» **YOUR OBJECTIVE**
Begin your copy at the line with "Miniature 98k AWM M24 M416 Toy Keychain" in the records below and end it at the line with "Seamless shipping service", restating each line word for word; omit the pictures.

» **DATA FOR THIS TASK**
------
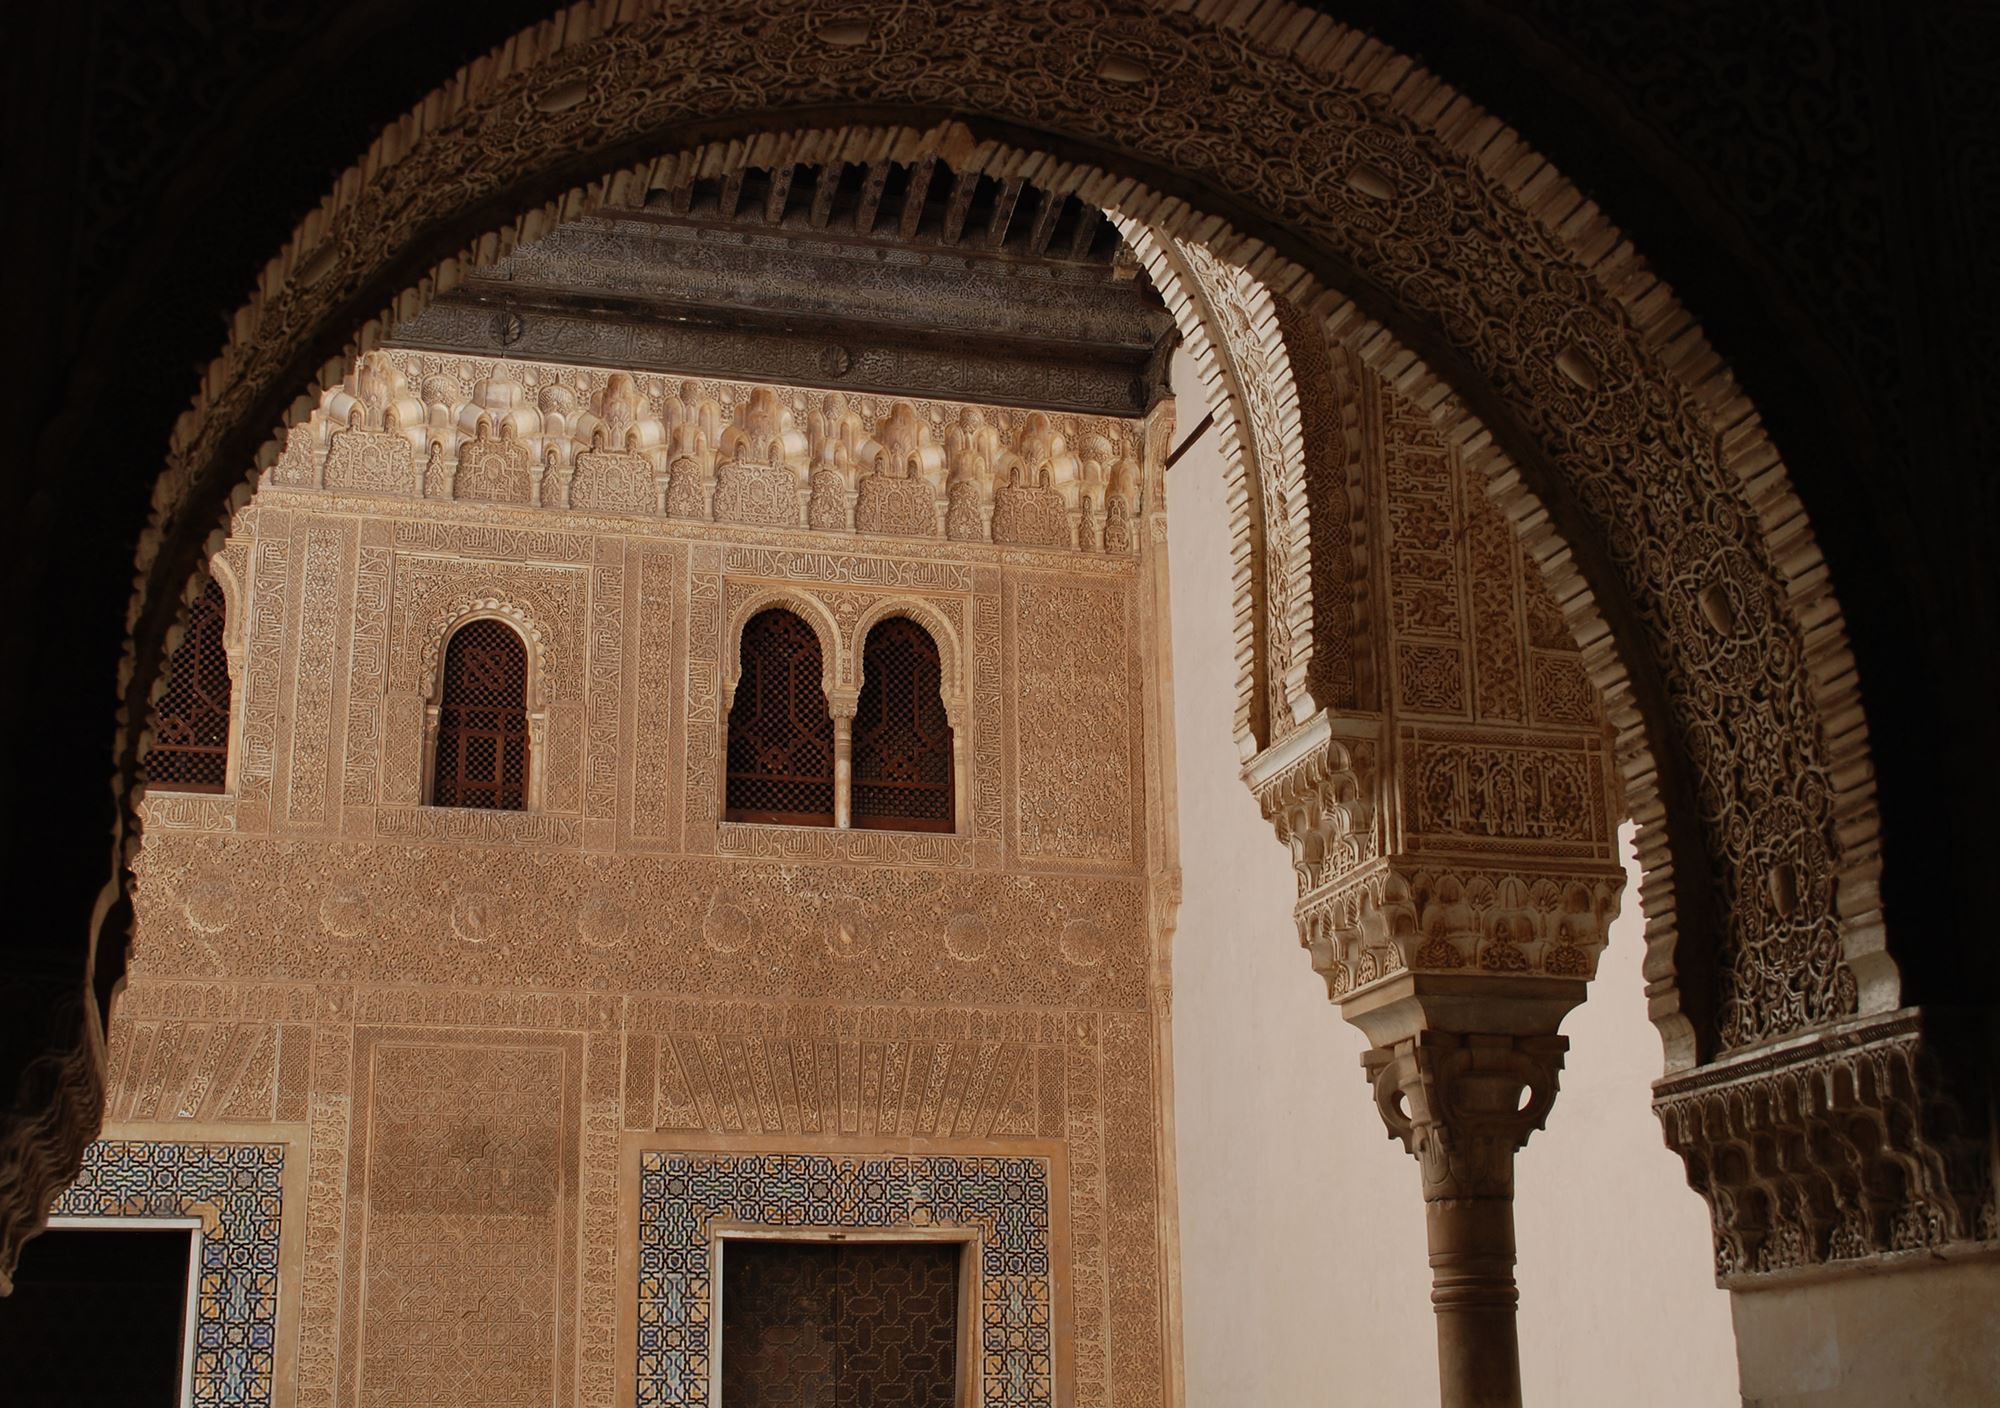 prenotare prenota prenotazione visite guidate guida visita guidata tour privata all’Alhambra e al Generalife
------
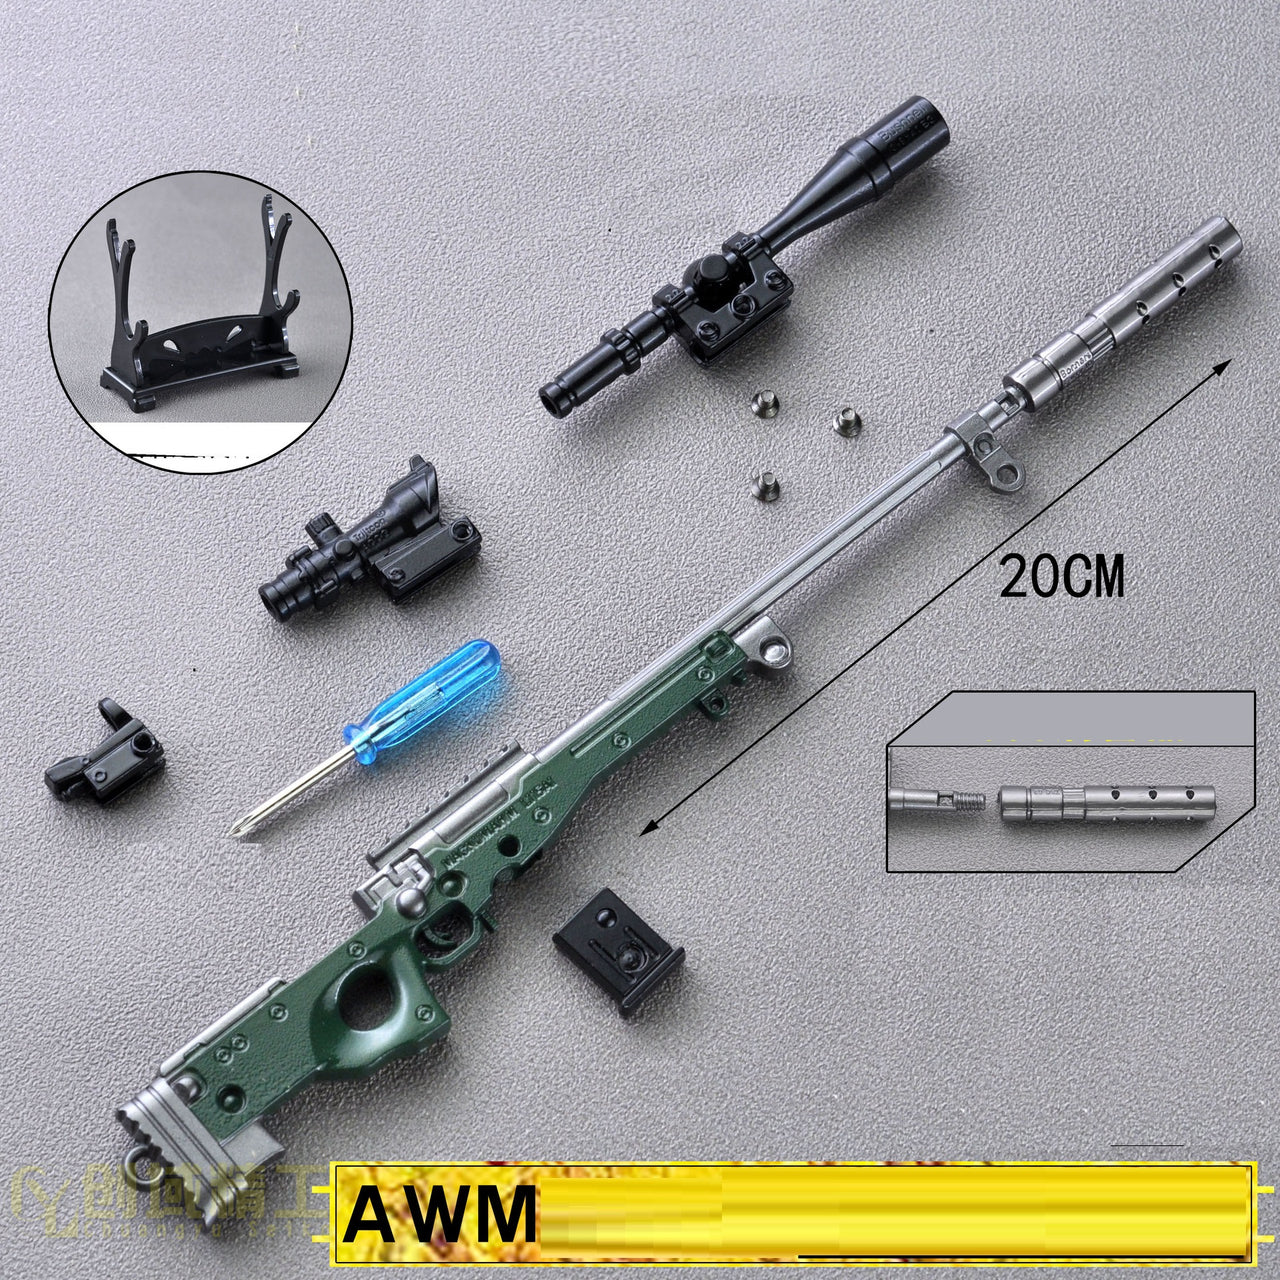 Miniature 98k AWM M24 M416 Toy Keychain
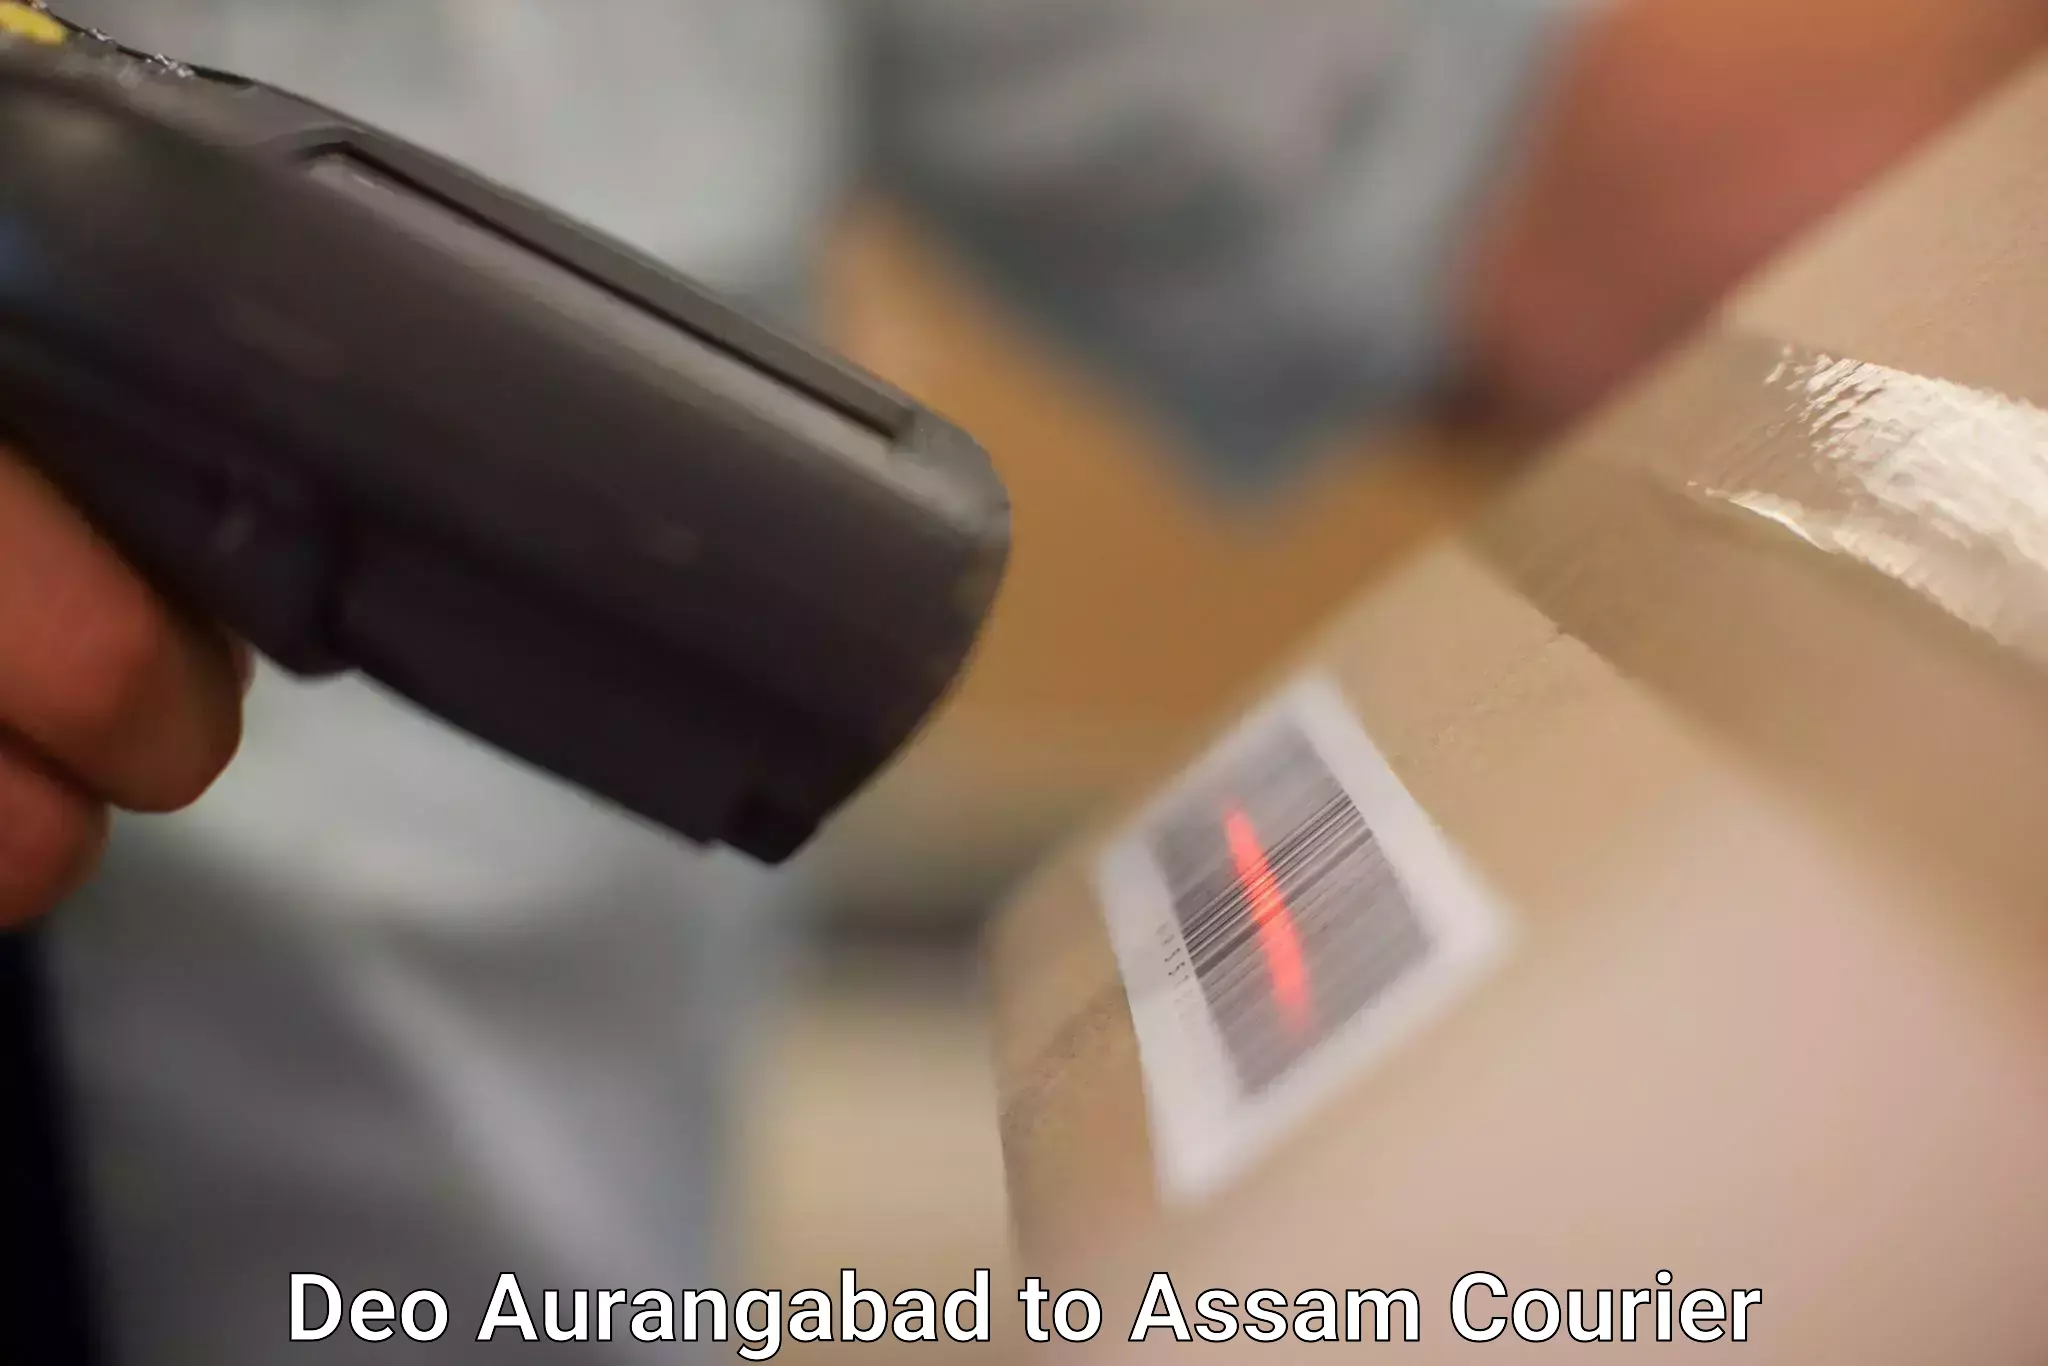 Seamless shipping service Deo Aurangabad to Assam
------
» **RESPONSE**
 Miniature 98k AWM M24 M416 Toy Keychain
 Seamless shipping service Deo Aurangabad to Assam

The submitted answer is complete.